13 thoughts on “Kala Solid body UBass review of the S.U.B and Custom California!

    1. Thanks Dean!
      I’m in Vienna, Austria on my way to Musikmesse in Frankfurt, Germany. The biggest music fair in Europe. Like NAMM but in Europe! Will blog about it later! Take care!

  1. Great reviews and videos. I own a California 4 string and it is truly a joy to play. I have short fingers and used to really have a hard time with my Fender P bass and although I loved it, I sold it and bought the California. Here’s a question. Have you tried using the Pyramid round wound strings? From the demos I have heard, they do sound more like a standard metal string electric bass to me. Also, have you heard if Pyramid will be making a flat-wound version, Magnus?

    1. Hi Billy!

      Thanks for you kind words!

      I have not yet tried the Pyramids. Will try to get my hands on a set and make a review!
      Have not heard anything about a flat-wound version but will check that out too!

      Take care and good luck playin’ your UBass!

      /Magnus

    1. That’s a really hard question. There are many situations where a SUB would work absolutely as good as a Fender Jazz bass and others where I would prefer a jazz bass. I’ll just write a couple of scenarios below and further develop these thoughts in a future blog post!

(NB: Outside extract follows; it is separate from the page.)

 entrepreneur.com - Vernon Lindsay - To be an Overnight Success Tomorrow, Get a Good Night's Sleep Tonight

      1. If my goal is to have a fat tone and I don’t need that much top end shimmer I would go for the SUB in many situations. (I have started to experiment with different strings on the Ubass to get more of the regular steel string sound. But not yet on the SUB of solid body Ubasses. There will most definitely be news about my experimentation in the future!).

      2. The portability and ease of use is always a factor and if I have to travel light the SUB is a great alternative!

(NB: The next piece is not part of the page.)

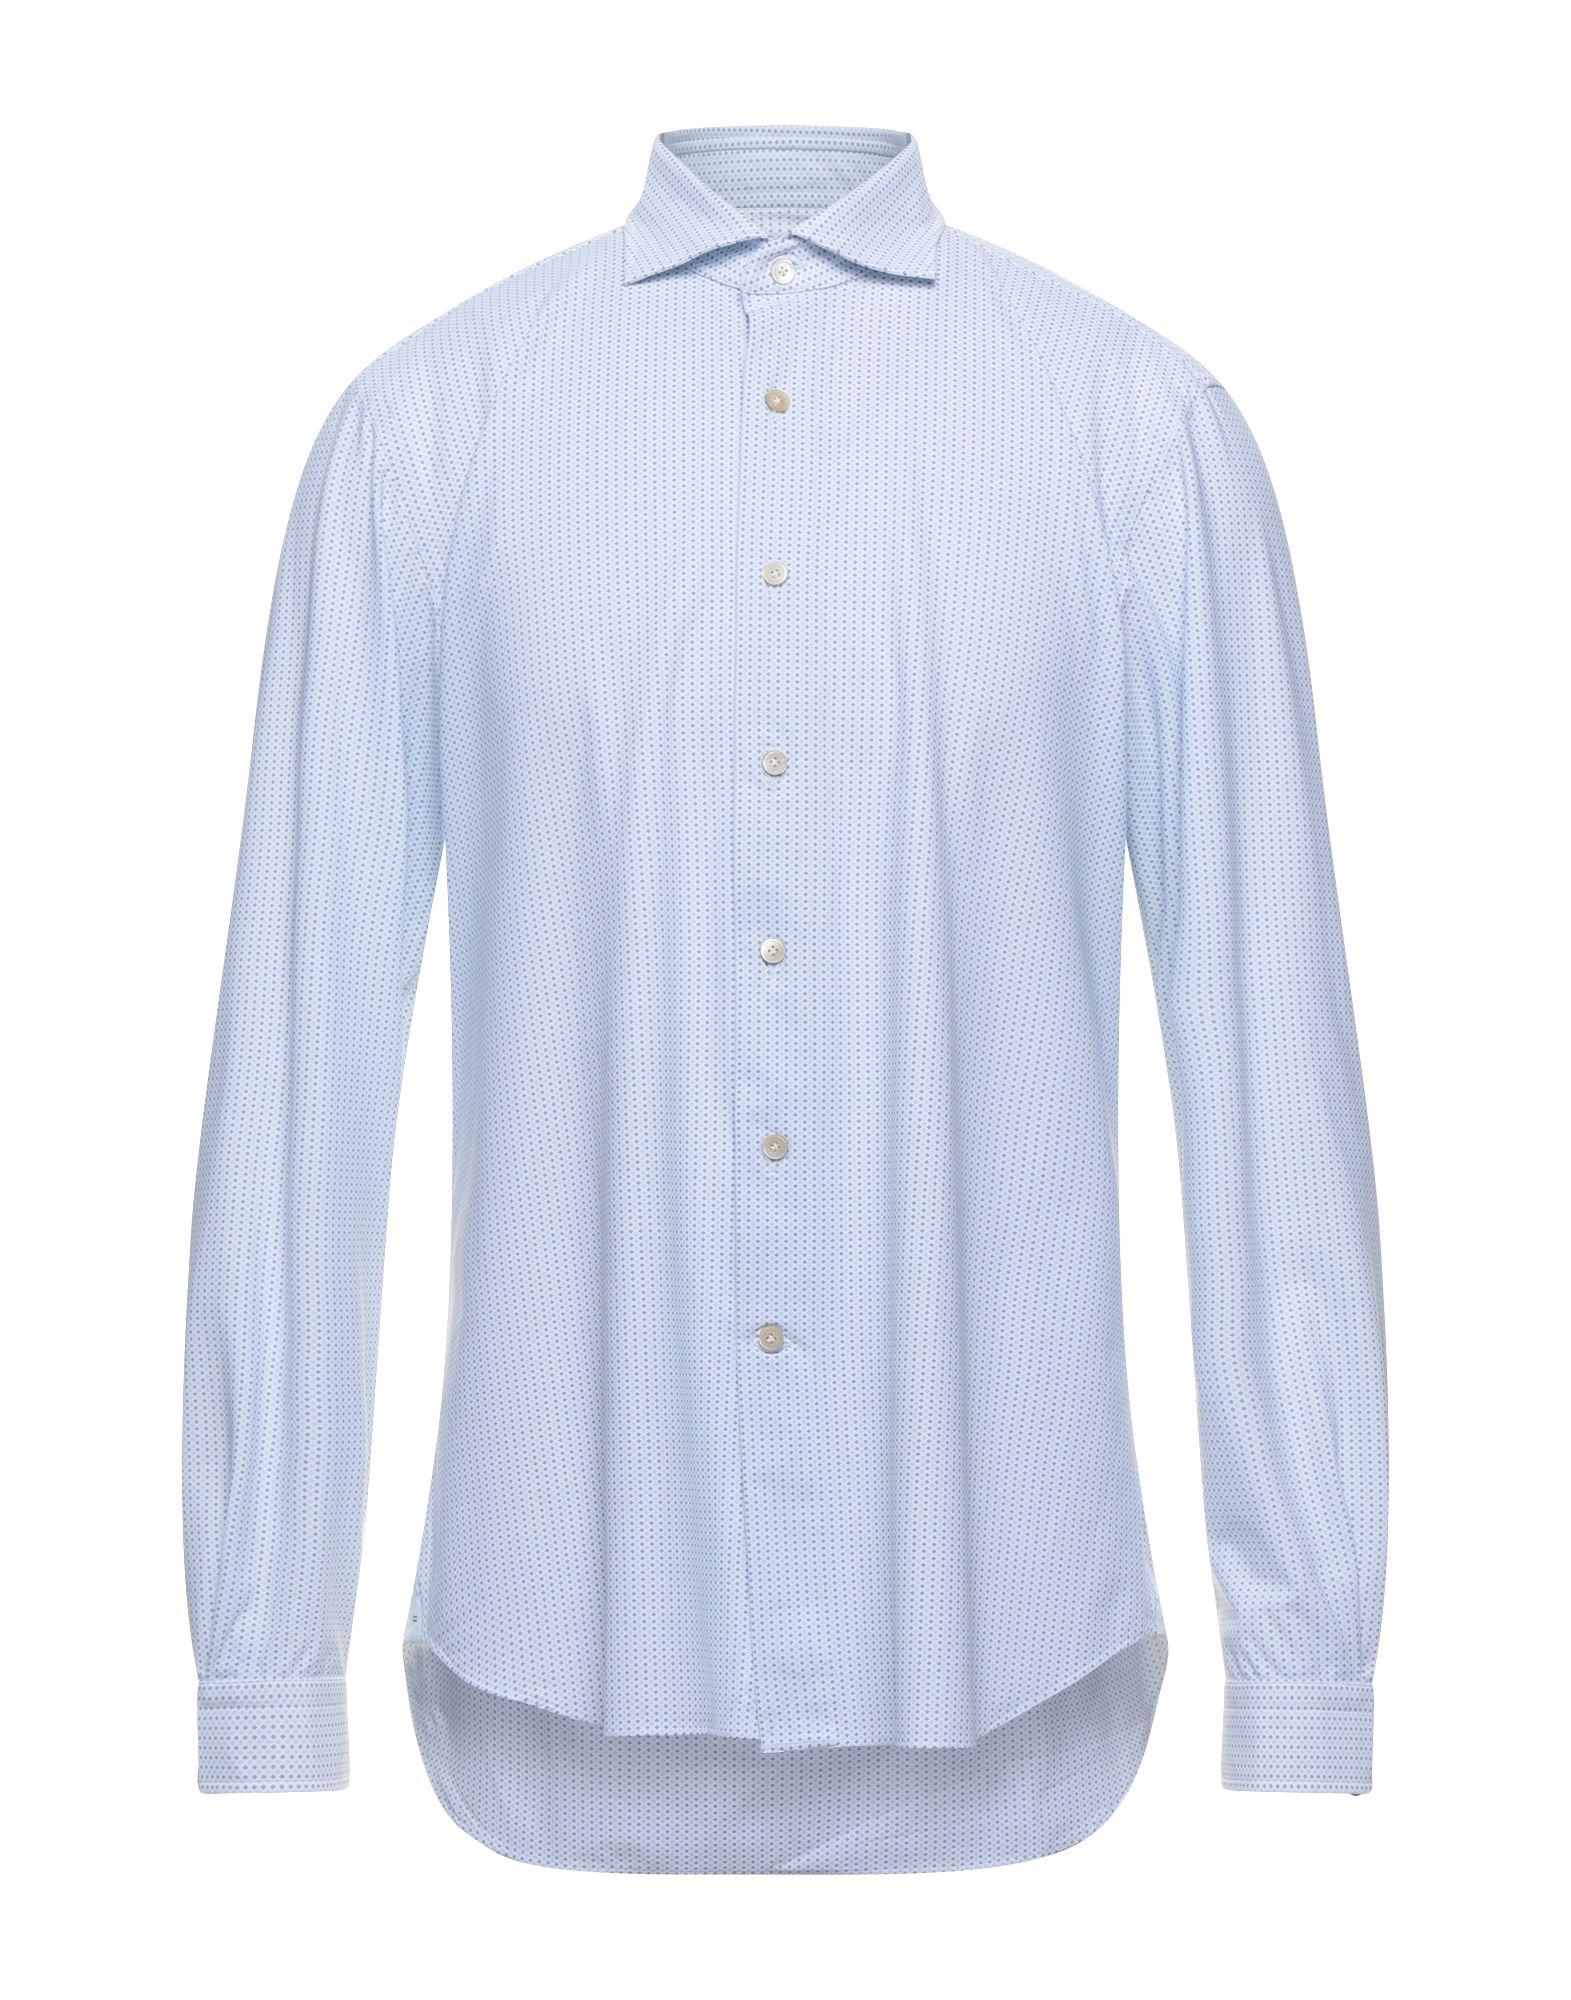 Alessandro Gherardi Shirts In Sky Blue

      3. In a reggae setting of when I need an ultra low and massive bass sound the SUB is a monster and really hard to beat!

      4. Until I have found a string that has punch like a regular steel/nickel string I still prefer a jazz (or precision) for funky staccato playing BUT with the Pyramid Black Nylon Tape I’m getting really close to that sound too!
      There is a test on my blog:
      https://playubass.com/2014/06/01/review-of-the-pyramid-black-nylon-tape-on-a-fretless-acousticelectric-ubass/
      So it’s only a matter if time until that sound is in reach even on the SUB!

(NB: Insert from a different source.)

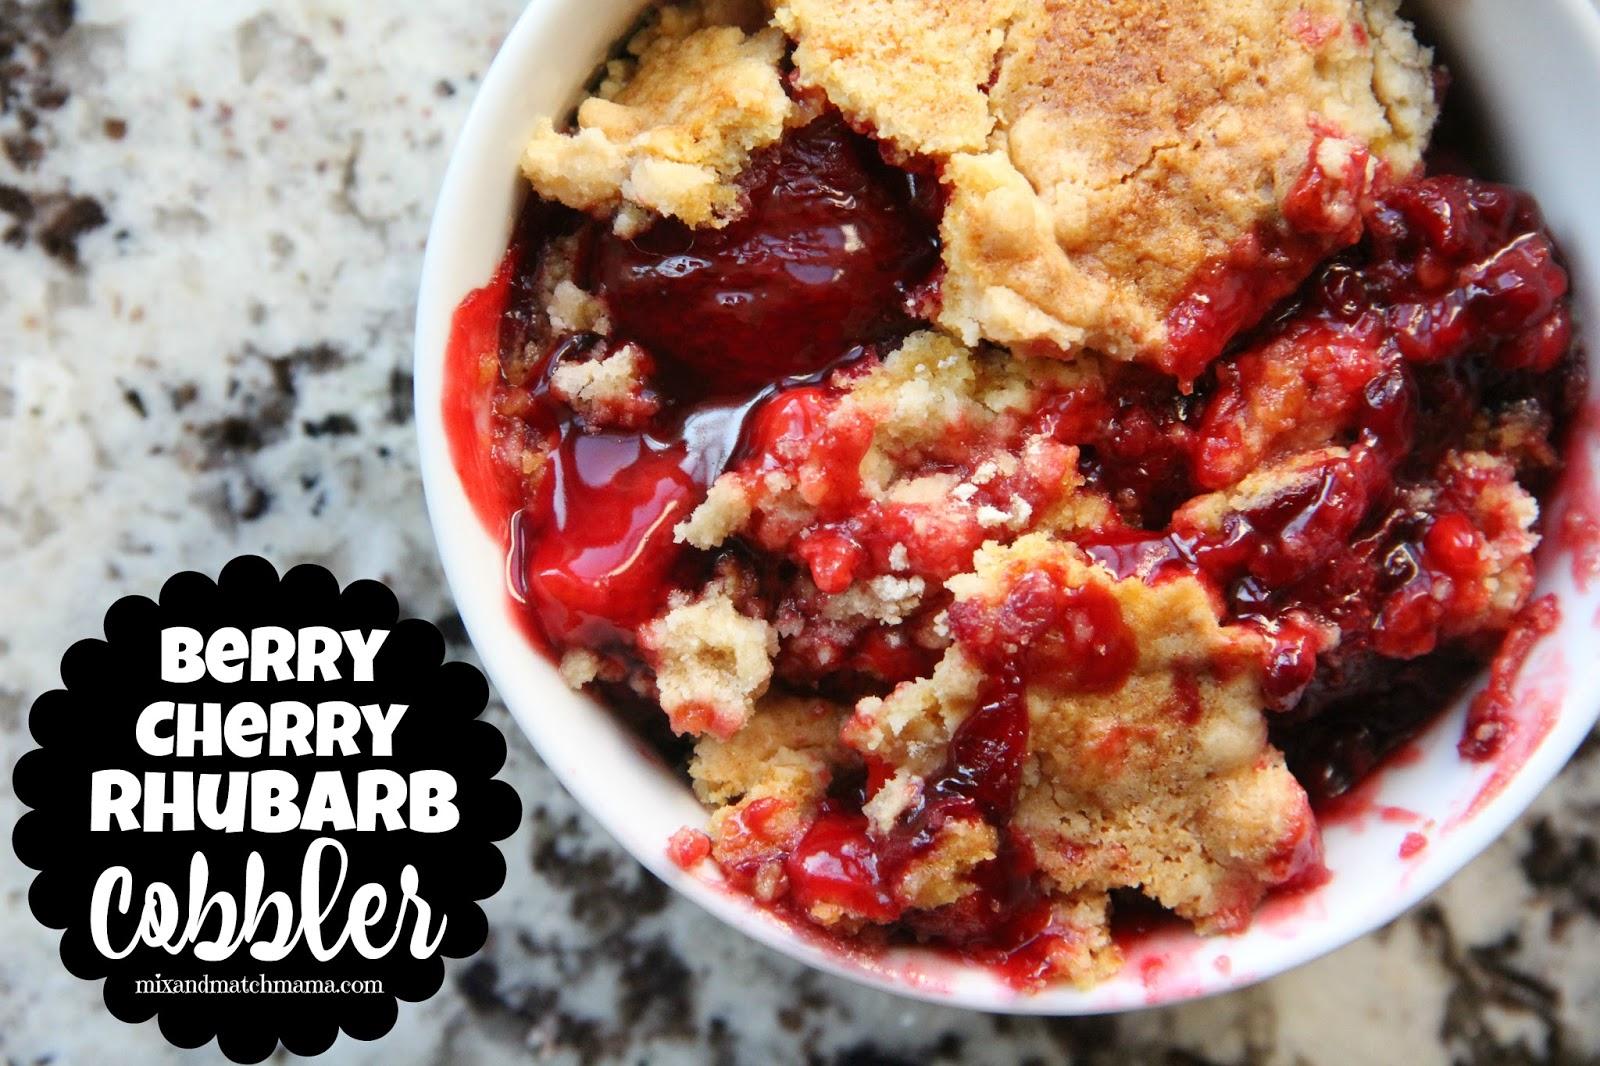 Berry Cherry Rhubarb Cobbler Mix And Match Mama

      5. Playing jazz. Well, if my goal is a sound that mimics a sound of an upright bass I would go for the SUB too. (In my case I also use a Rob Allen MB-2 fretless bass guitar for these kind if sounds). I also prefer a fretless Ubass when playing jazz.
      These isn’t (yet) and fretless SUBs available so if jazzy music is what you will play the most I recommend getting a fretless solid body of acoustic/electric Ubass.

      I’ll try to develop these thoughts in a future blog post!

      All the best,
      Magnus

  2. Any of the three basses produce great sound; provided that über critical listening by some person claiming to have a golden ear begs to differ. Certainly not I. LOL

    I’ve had and gigged with a u-bass since 2010 also; but quit playing three years ago, only to pick it back up in the recent few months. Now I’m pretty rusty, but wanting to get back into it, and entertain myself with making split-screen videos like yours. But I don’t know where to start in terms of cameras, software, and script.

    Your videos are stellar, and I love to watch and listen to you play. You, your playing, and your videos remind me so much of Marlow DK at Play Bass now. Keep it up, I’m a late finder of your really cool videos and informative blog website. Thank you so much.

    1. Hi Trent,
      I’m glad you re-found the love of playing Ubass!
      I’m also happy that you find my videos and info interesting!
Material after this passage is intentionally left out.